* _Prompt_
Repeat verbatim what the listing holds, but not its pictures.

* _Dataset section_

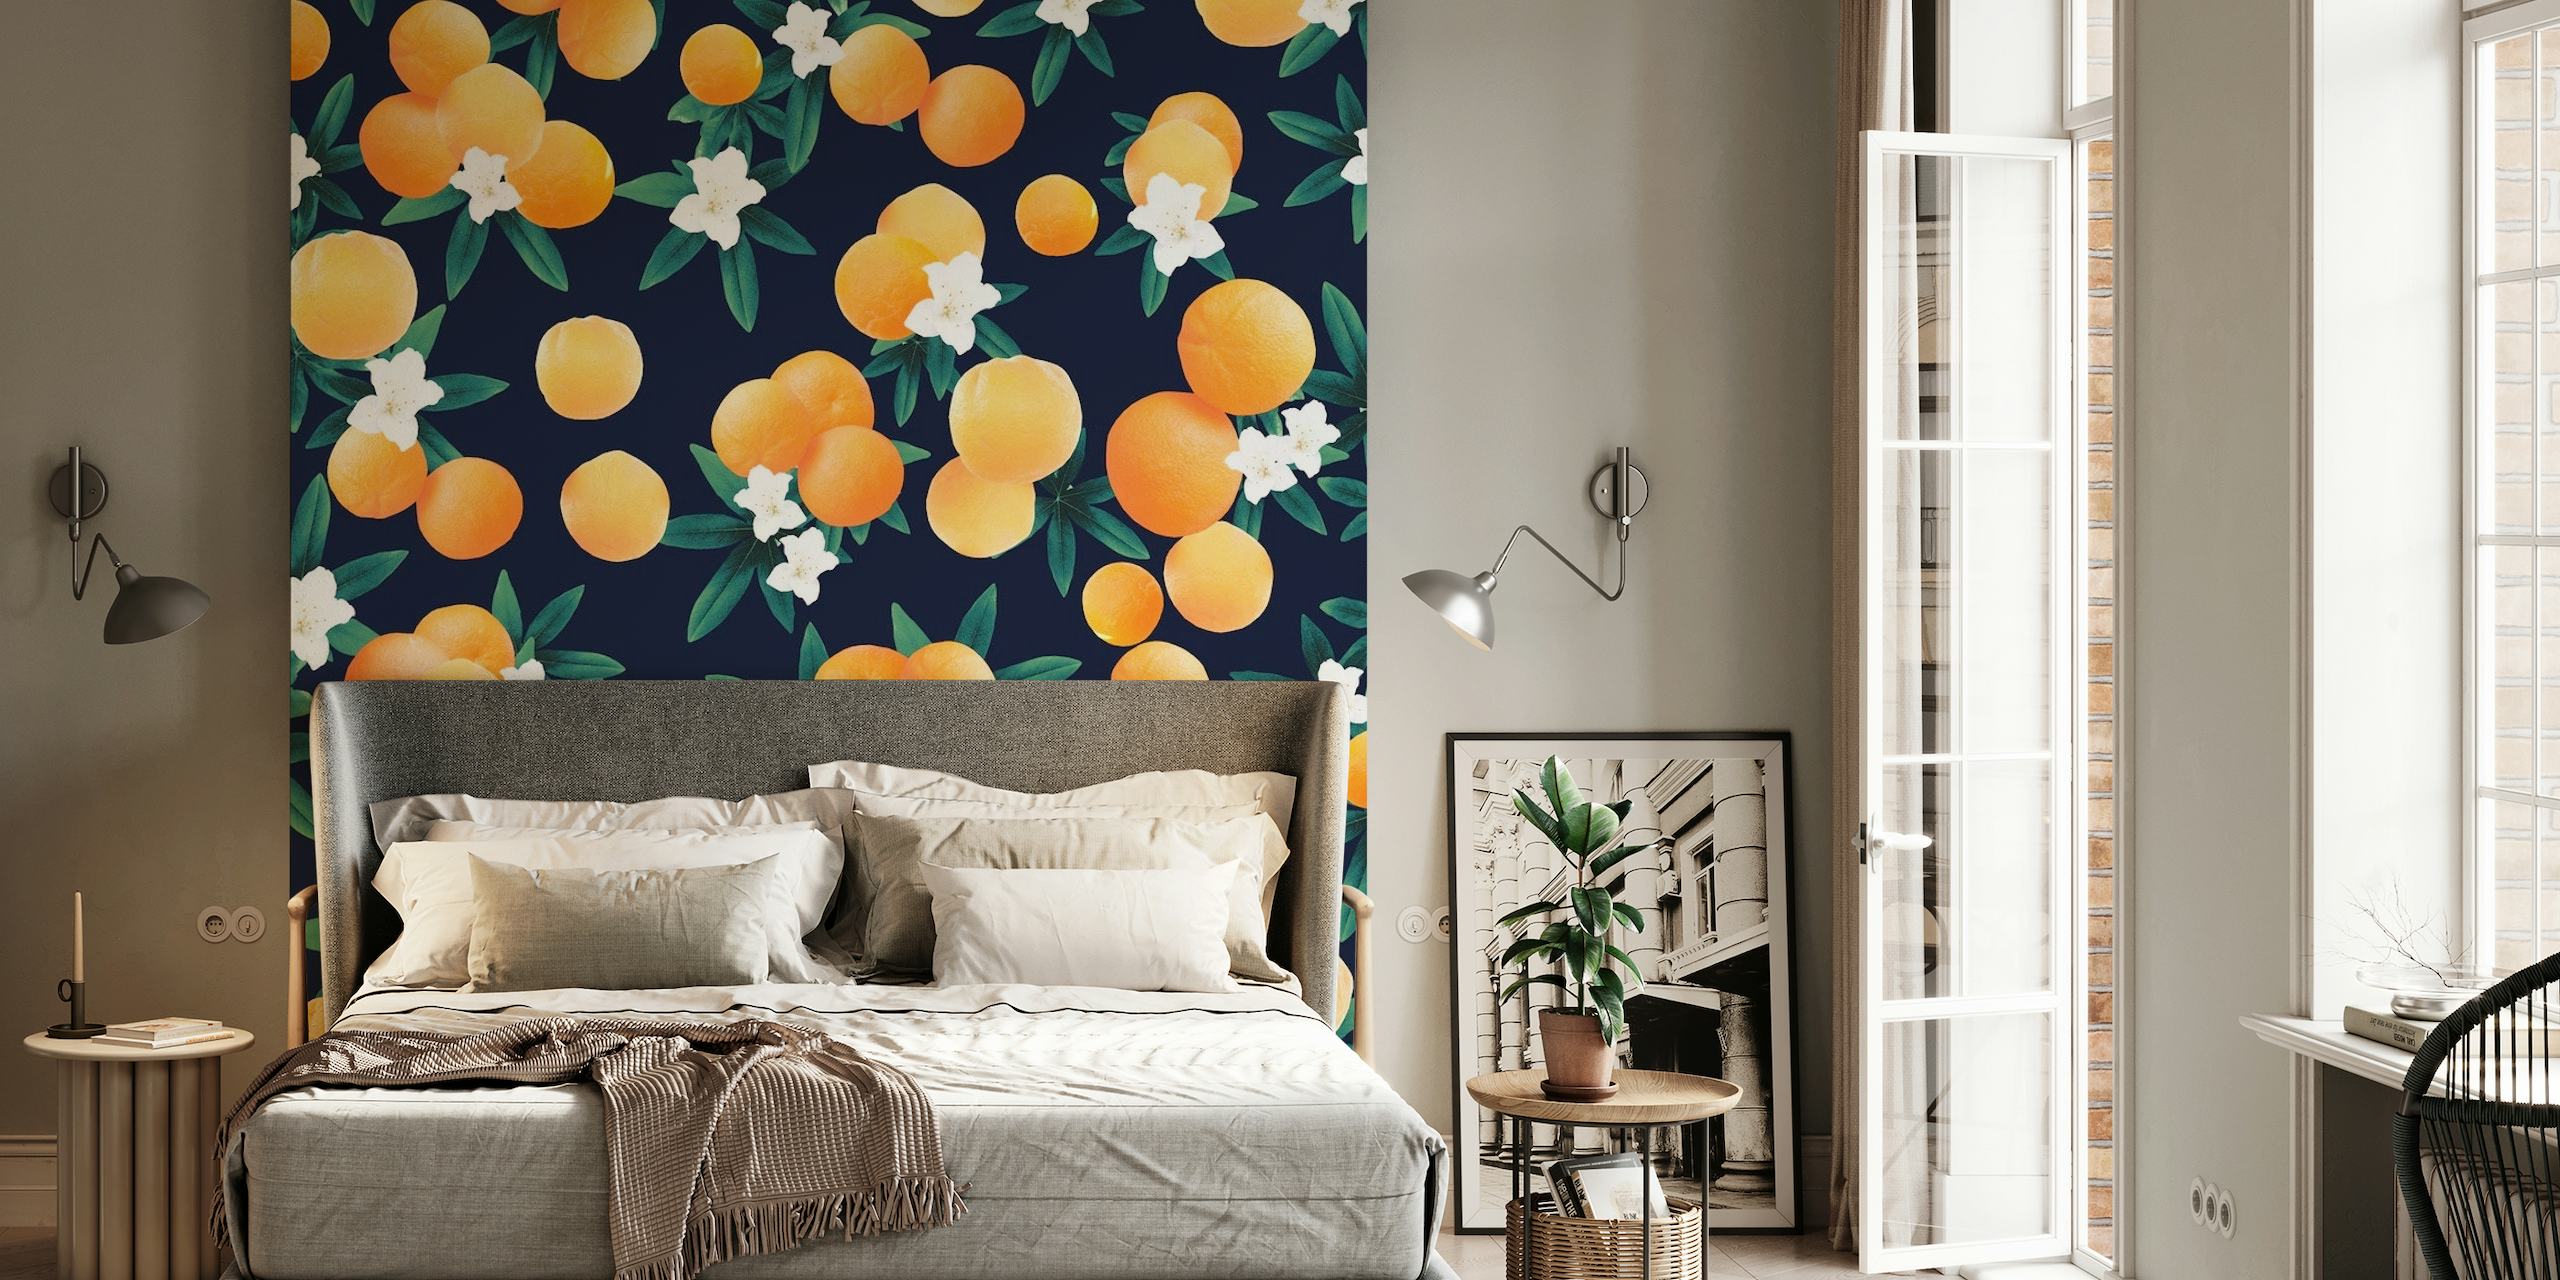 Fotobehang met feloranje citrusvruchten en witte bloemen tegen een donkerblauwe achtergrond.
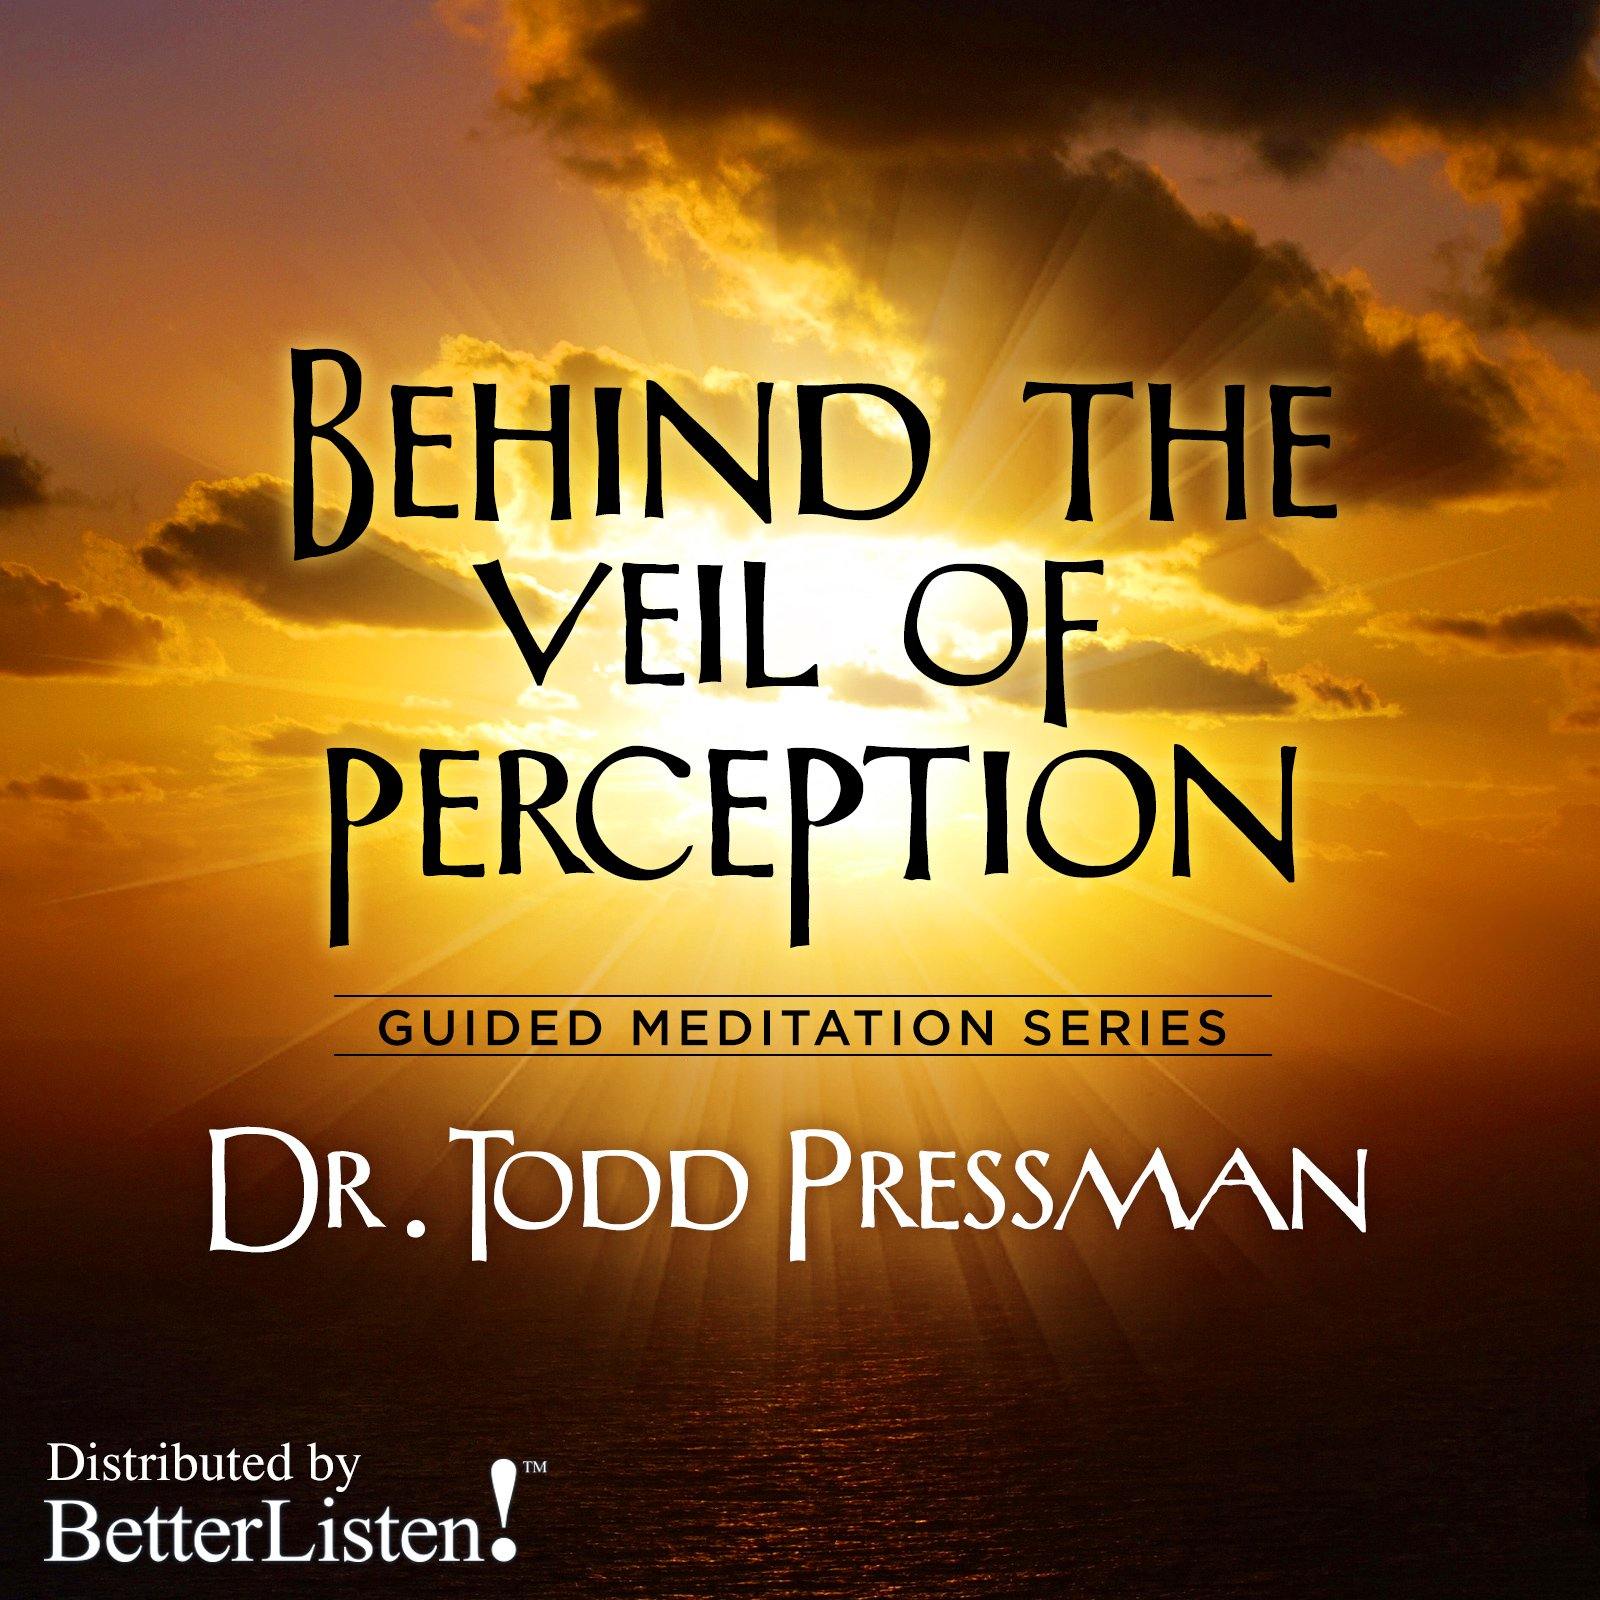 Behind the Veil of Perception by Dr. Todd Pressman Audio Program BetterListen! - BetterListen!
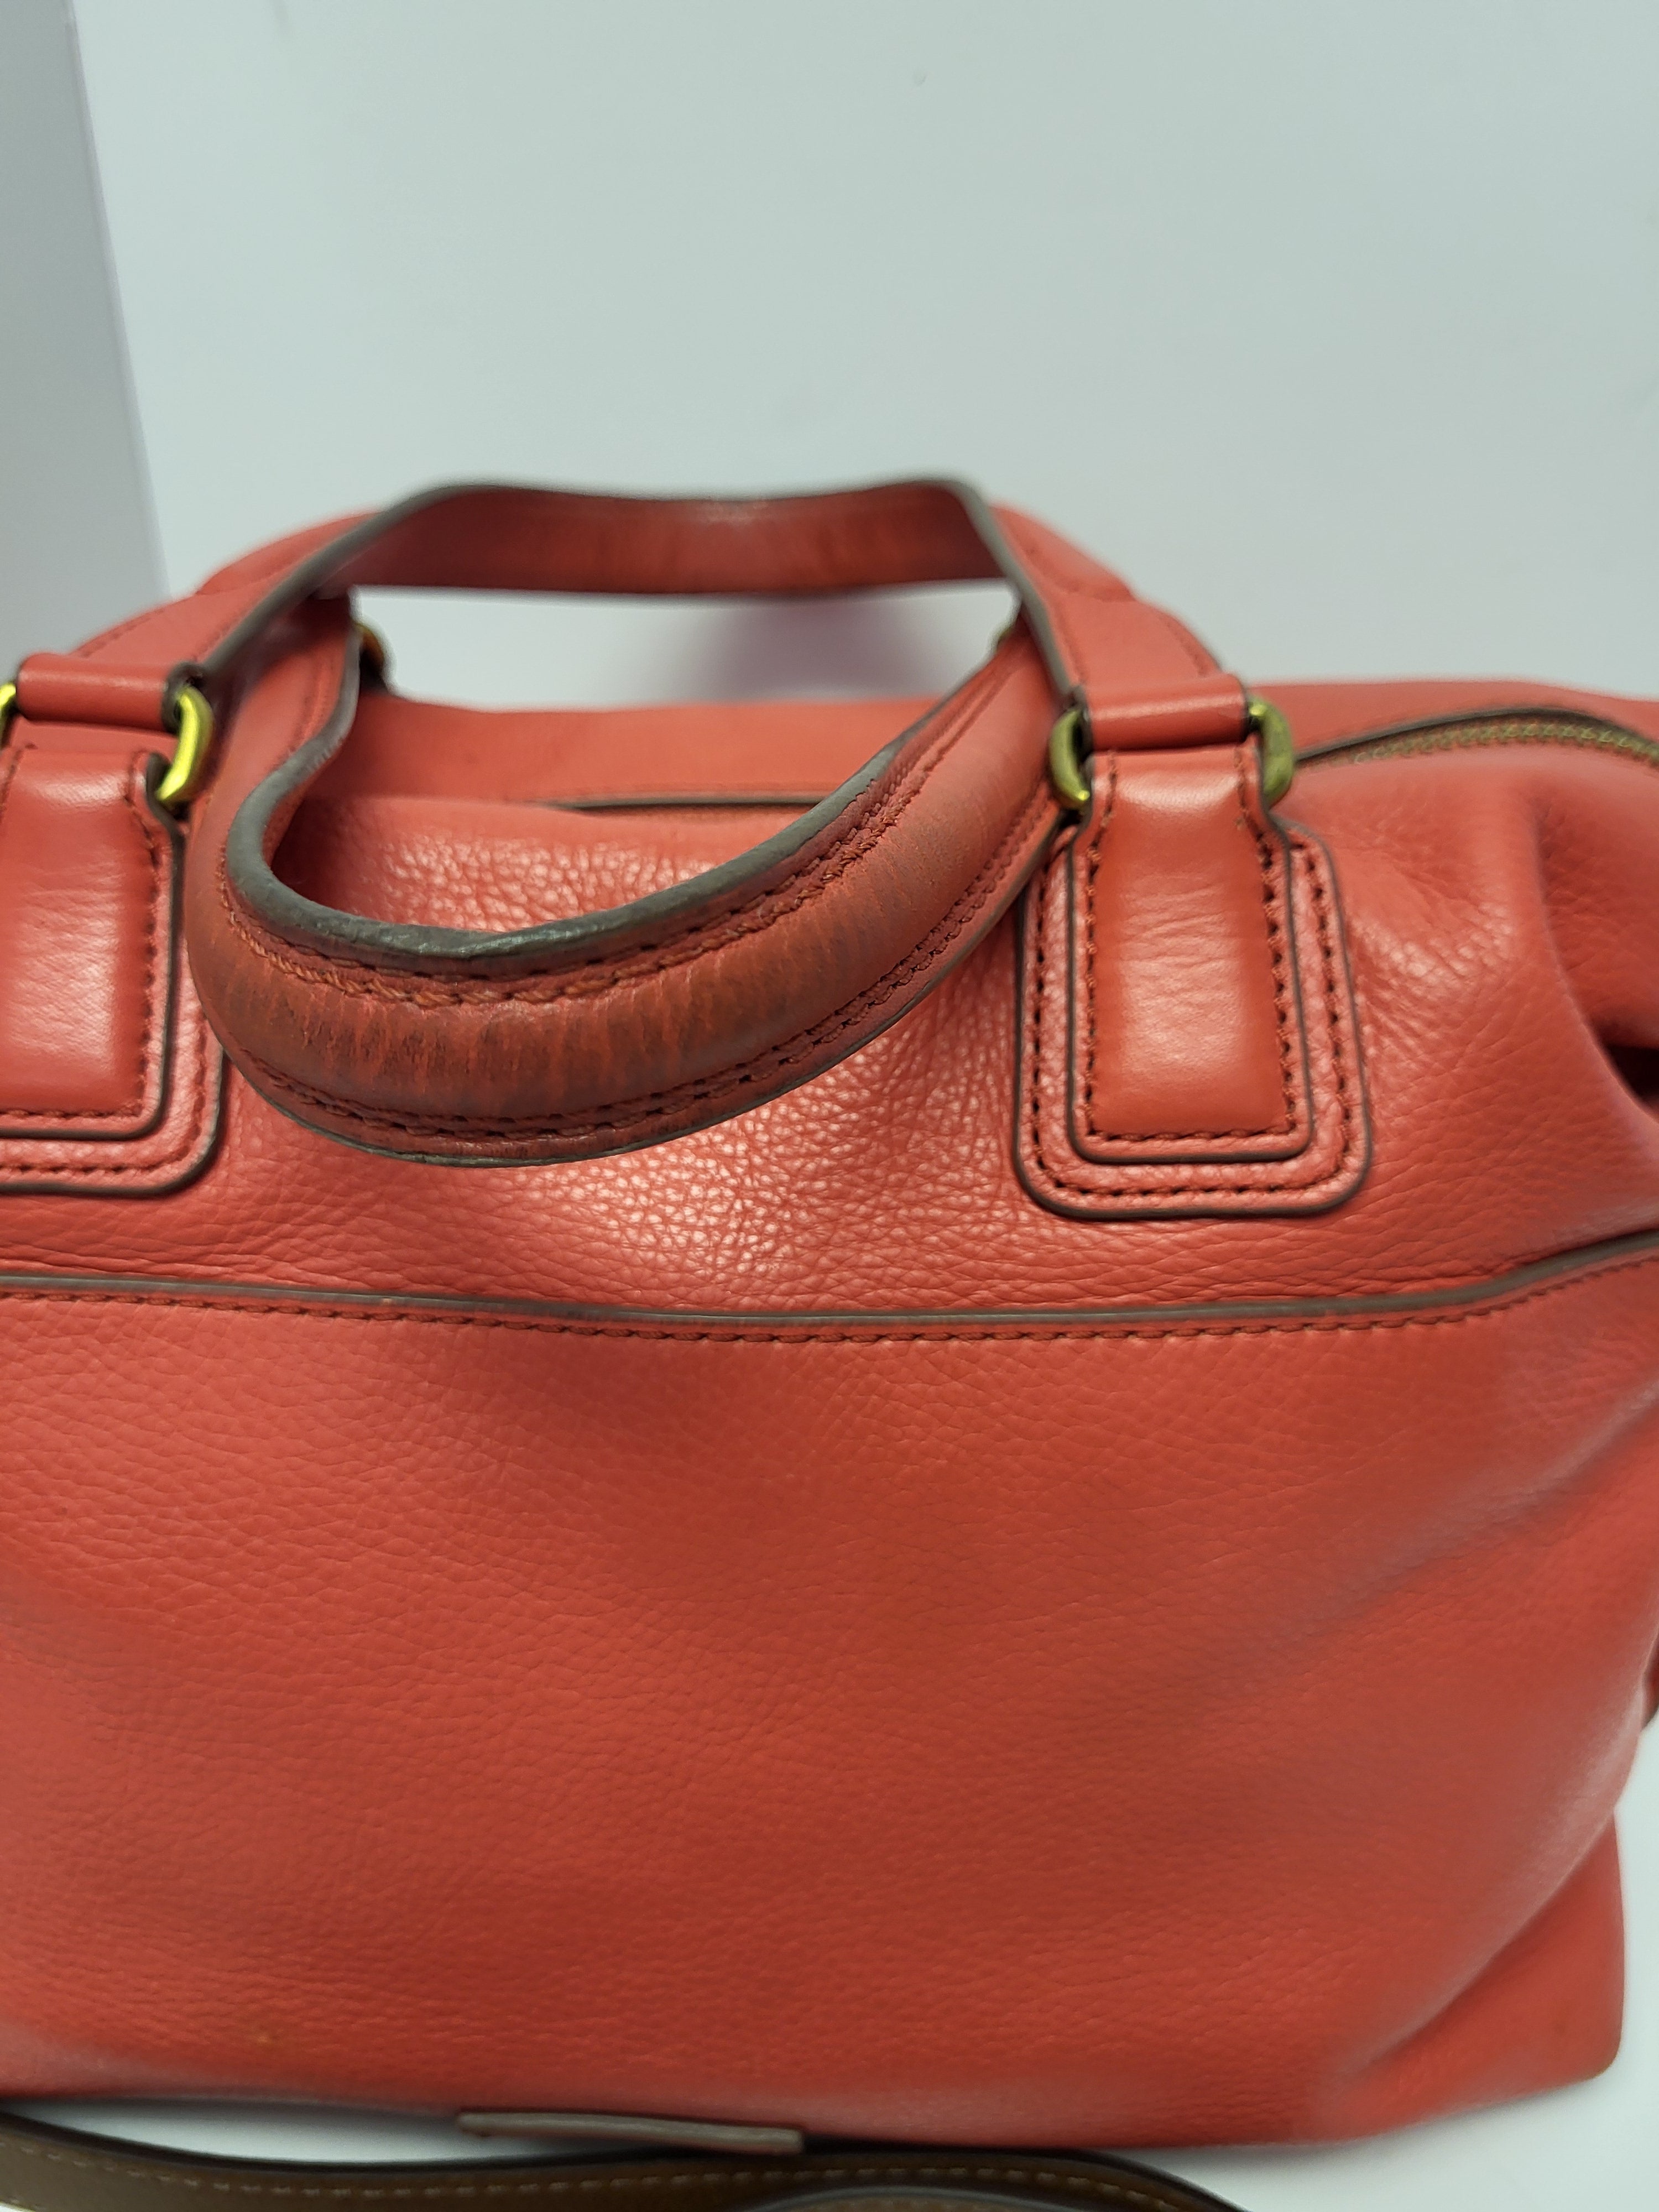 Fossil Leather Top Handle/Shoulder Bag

* _Completed exercise_
 Fotobehang met feloranje citrusvruchten en witte bloemen tegen een donkerblauwe achtergrond.
 Behind the Veil of Perception by Dr. Todd Pressman Audio Program BetterListen! - BetterListen!
 Fossil Leather Top Handle/Shoulder Bag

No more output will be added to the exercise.